The challenges of assessing the current and future state of peer review are exacerbated by pressing questions of how the significant costs of high-quality scholarly publishing can be borne in the face of calls for alternative, usually university-based and open access, publishing models for both journals and books.

There is additionally the insidious and destructive “trickle down” of tenure and promotion requirements from elite research universities to less competitive and non-research-intensive institutions.

The entire system is further stressed by the mounting—and often unrealistic—government pressure on scholars in developed and emerging economies alike to publish their research in the most select peer-reviewed outlets, ostensibly to determine the distribution of government funds (via research assessment exercises) and/or to meet national imperatives to achieve research distinction internationally.

The global effect is a growing glut of low-quality publications that strains the efficient and effective practice of peer review, a practice that is, itself, primarily subsidized by universities in the form of faculty salaries. Library budgets and preservation services for this expansion of peer-reviewed publication have run out. Faculty time spent on peer review, in all of its guises, is being exhausted.

As part of our ongoing research, CSHE hosted two meetings to address the relationship between peer review in publication and that carried out for tenure and promotion. Our discussions included: The Dominant System of Peer Review: Types, Standards, Uses, Abuses, and Costs; A Very Tangled Web: Alternatives to the Current System of Peer Review; Creating New Models: The Role of Societies, Presses, Libraries, Information Technology Organizations, Commercial Publishers, and Other Stakeholders; and Open Access “Mandates” and Resolutions versus Developing New Models.

This report includes (1) an overview of the state of peer review in the Academy at large, (2) a set of recommendations for moving forward, (3) a proposed research agenda to examine in depth the effects of academic status-seeking on the entire academic enterprise, (4) proceedings from the workshop on the four topics noted above, and (5) four substantial and broadly conceived background papers on the workshop topics, with associated literature reviews.

The document explores, in particular, the tightly intertwined phenomena of peer review in publication and academic promotion, the values and associated costs to the Academy of the current system, experimental forms of peer review in various disciplinary areas, the effects of scholarly practices on the publishing system, and the possibilities and real costs of creating alternative loci for peer review and publishing that link scholarly societies, libraries, institutional repositories, and university presses.

We also explore the motivations and ingredients of successful open access resolutions that are directed at peer-reviewed article-length material.
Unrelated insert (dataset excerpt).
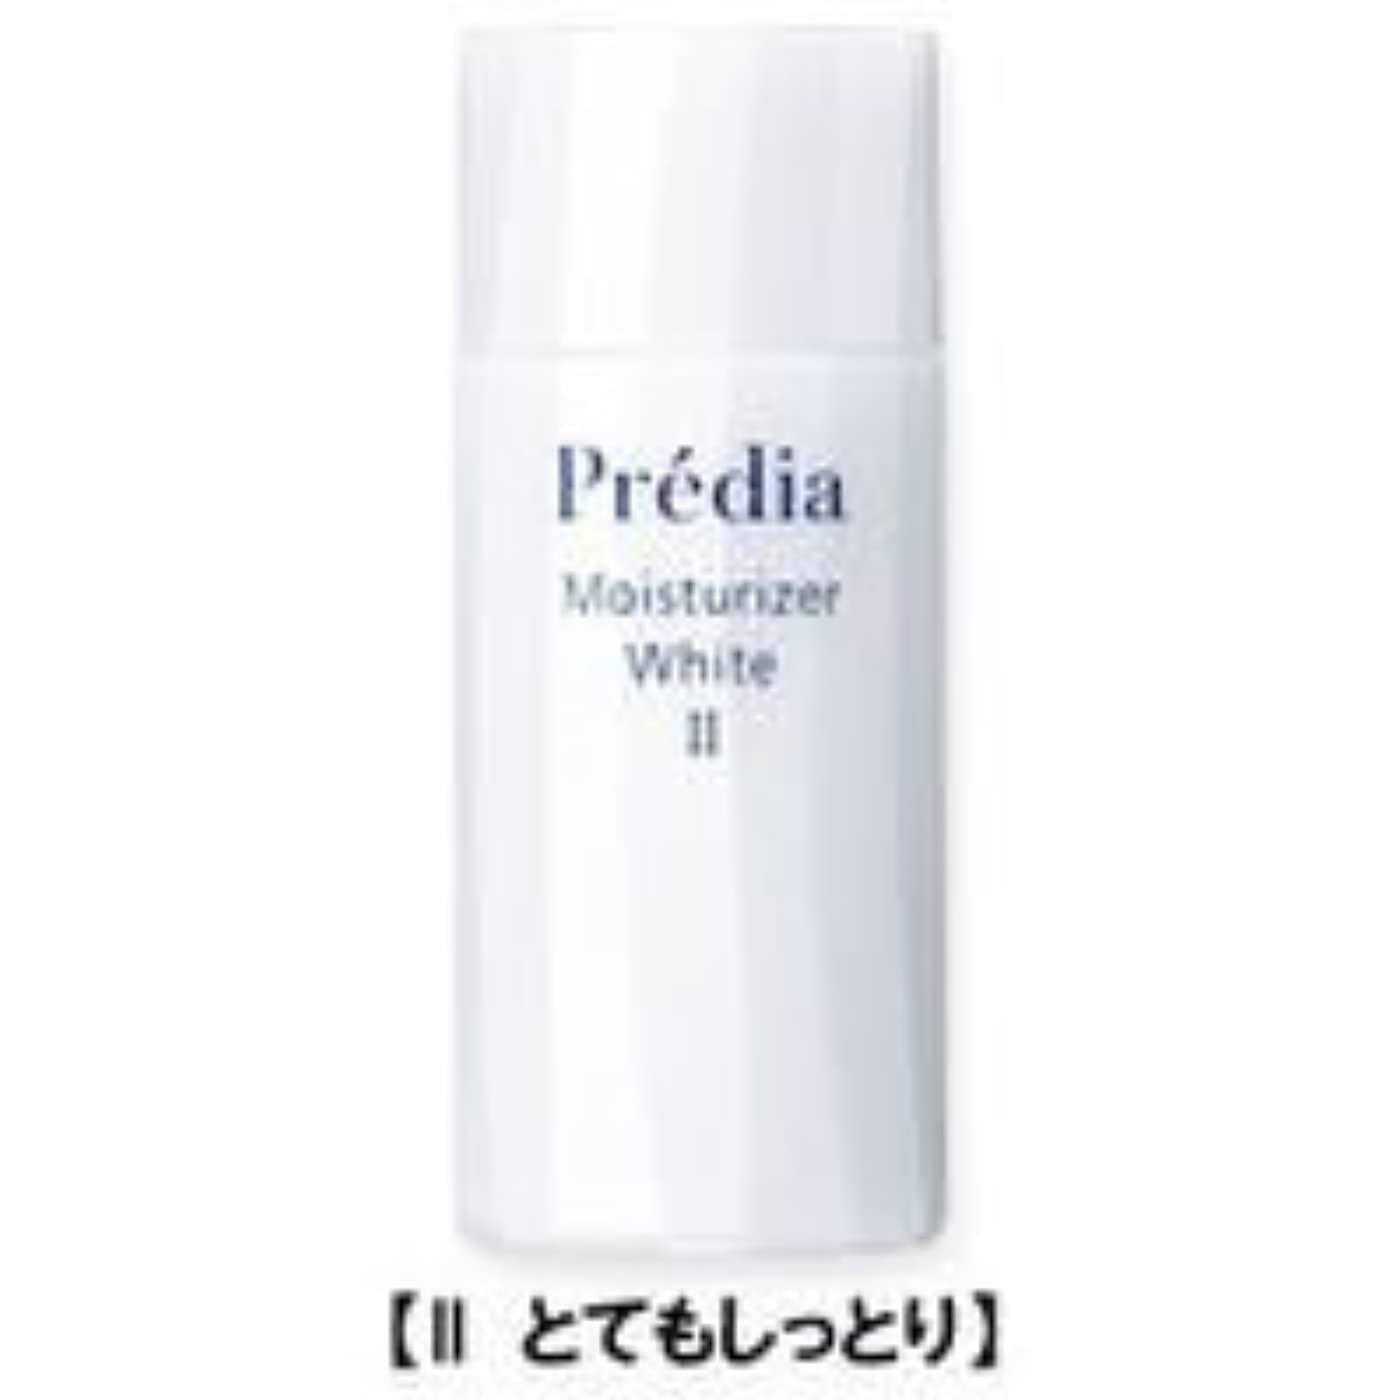 課す感謝する謙虚なコーセー プレディア モイスチュアライザー ホワイト II とてもしっとり 120ml 乳液

In doing so, this report suggests that creating a wider array of institutionally acceptable and cost-effective alternatives to peer reviewing and publishing scholarly work could maintain the quality of academic peer review, support greater research productivity, reduce the explosive growth of low-quality publications, increase the purchasing power of cash-strapped libraries, better support the free flow and preservation of ideas, and relieve the burden on overtaxed faculty of conducting too much peer review.”